09 May Property Practitioners Act Summary
Property Practitioners Act Summary
The new Property Practitioners Act (Act no 22 of 2019) (“PPA”) and Regulations came into effect on 1 February 2022. This Act and Regulations replace the old Estate Agency Affairs Act (“EAAA”) and Regulations. The newly introduced Act introduces several changes within the property sector, with a primary focus on regulations.
highlights of key changes
Professional bodies and legislation:
- The EAA Act, Regulations and Code of Conduct is replaced by the new PPA, its Regulations and Code of Conduct;
- The Estate Agency Affairs Board is replaced by the Property Practitioners Regulatory Authority (PPRA)
- The Estate Agents Fidelity Fund is replaced by the Property Practitioners Fidelity Fund
- There is also now a new Property Practitioners Ombud to resolve issues and complaints
Property Practitioner – Definition:
The definition of the Property Practitioner (“PP”) is far more inclusive than the Estate Agent under the EAAA and includes a natural or juristic person who, for gain, and on behalf of another person directly or indirectly:
- Sells, purchases, manages or publicly exhibits for sale, property or any business undertaking;
- Lets or hires or public exhibits for hire, property or any business undertaking;
- Collects or receives any monies payable on account of a lease of property or business undertaking;
- Provides, procures, facilitates, secures/obtains or markets financing for or in connection with the management, sale or lease of a property or business undertaking;
- Is an intermediary or facilitator in concluding an agreement to sell, purchase or let or hire.

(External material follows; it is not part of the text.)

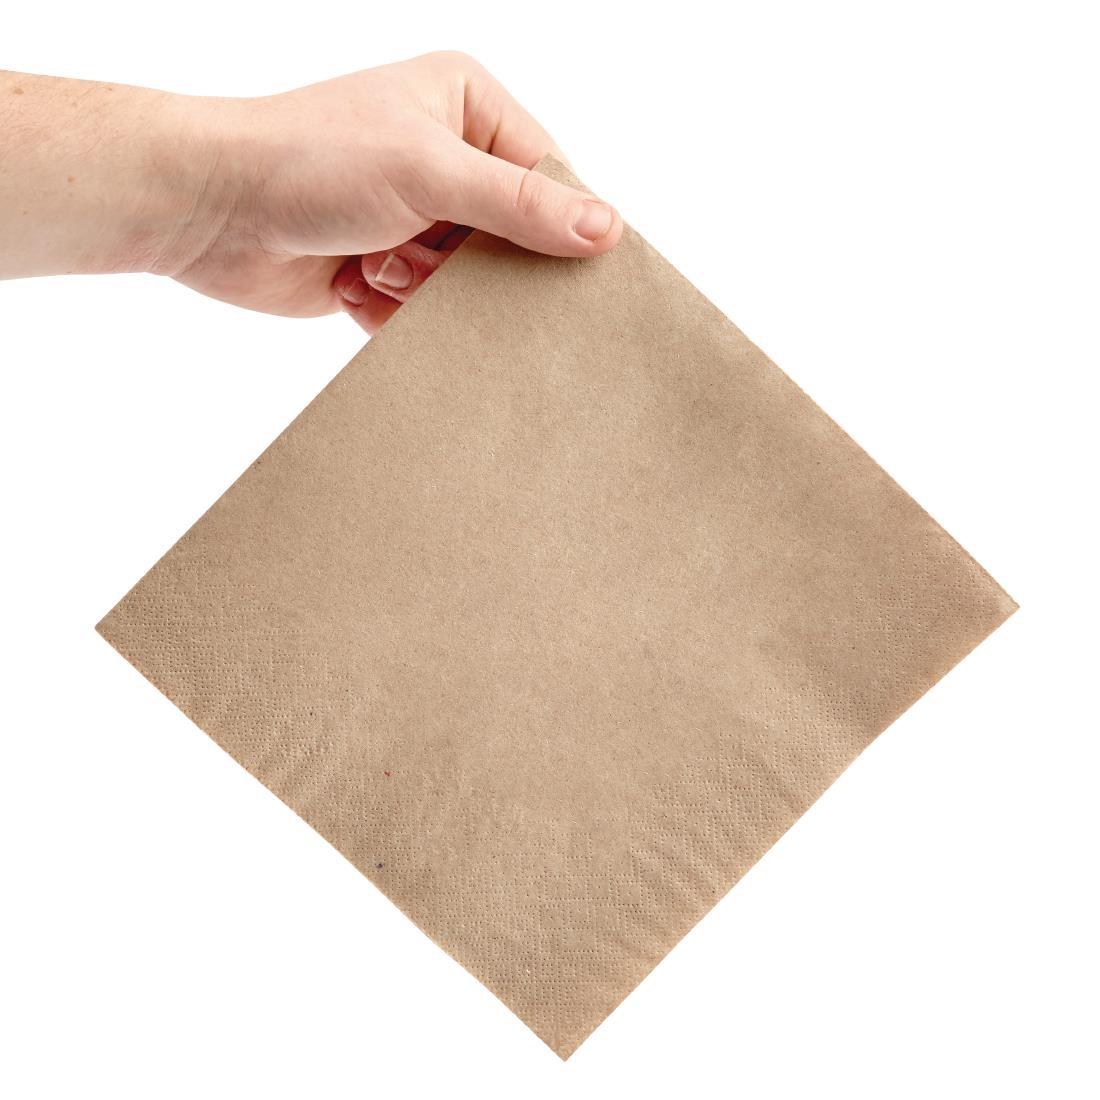 Fiesta Recyclable Recycled Dinner Napkin Kraft 40x40cm 2ply 1/4 Fold (Pack of 2000) - FE242  - 3

Exemptions – Section 23 and Regulation 2:
- A PP with a turnover below R2.5mil will only require an Independent Review of their business AFS instead of an audit as per the EAAA.
- A PP is exempt from keeping a trust account if it,
- Never received or no longer receives any trust monies, AND
- Submits an affidavit in the prescribed form
- All PP other than Business PP are exempt from operating Trust account.
- All managing agents of a body corporate are exempt from operating a trust account if the Body corporate has its own bank account i.t.o. STSM legislation.
Fidelity Fund Certificates:
PP must apply annually for a Fidelity fund certificate in the prescribed form before 31 October.
Trust Accounts:
- Only the references to the sections in the Act changed. The rest stayed the same:
- All PP must open a section 54(1)(a) trust account, which is referenced as such;
- All PP may open a trust savings account with reference section 54(2) – interest bearing;
- All PP must appoint an auditor;
- All PP must notify, in writing, the PPRA of the opening of any trust accounts and the appointment of the auditor.
- Money must be retained in the trust account until the PP:
- Is lawfully entitled to such money, or;
- Is lawfully instructed to make payment therefrom.
- Banks must submit a certificate to the PPRA declaring the interest.
- PP to keep separate trust accounting records of all transactions, balance the records monthly, and administer the accounts in the prescribed manner.
- Trust accounts must be audited annually.
- Business AFS to be audited annually (unless Independent review is allowed per the above exemption).
- The same auditor must audit both.
- The audit deadline for both the business and trust records is within 6 months of year-end.
Unidentified receipts:
As per the PPA, property practitioners must pay any unidentified or unclaimed money over to Fidelity Fund after 3 years (nothing specified per the EAAA).
Disqualifications from receiving FFC:
Per the PPA you are disqualified if you have no valid tax clearance certificate and a valid BEE certificate.
Other administrative matters:
- PP must annually update auditor details before year-end (i.e. confirm the auditor for the year) with the PPRA.
- A 5-year document retention requirement.
Code of Conduct:
- PP may not solicit/influence trust creditors to pay interest over to the PP.
- A written agreement is required to identify to whom the interest belongs. If not agreed, then it will accrue to the fidelity fund.
- PP may not include a clause allowing for the transfer of sale proceeds to the seller before registration in the buyer’s name.
- No remuneration may be demanded/received until:
- Suspensive conditions are fulfilled or;
- Resolutive conditions will not lead to the transaction falling away.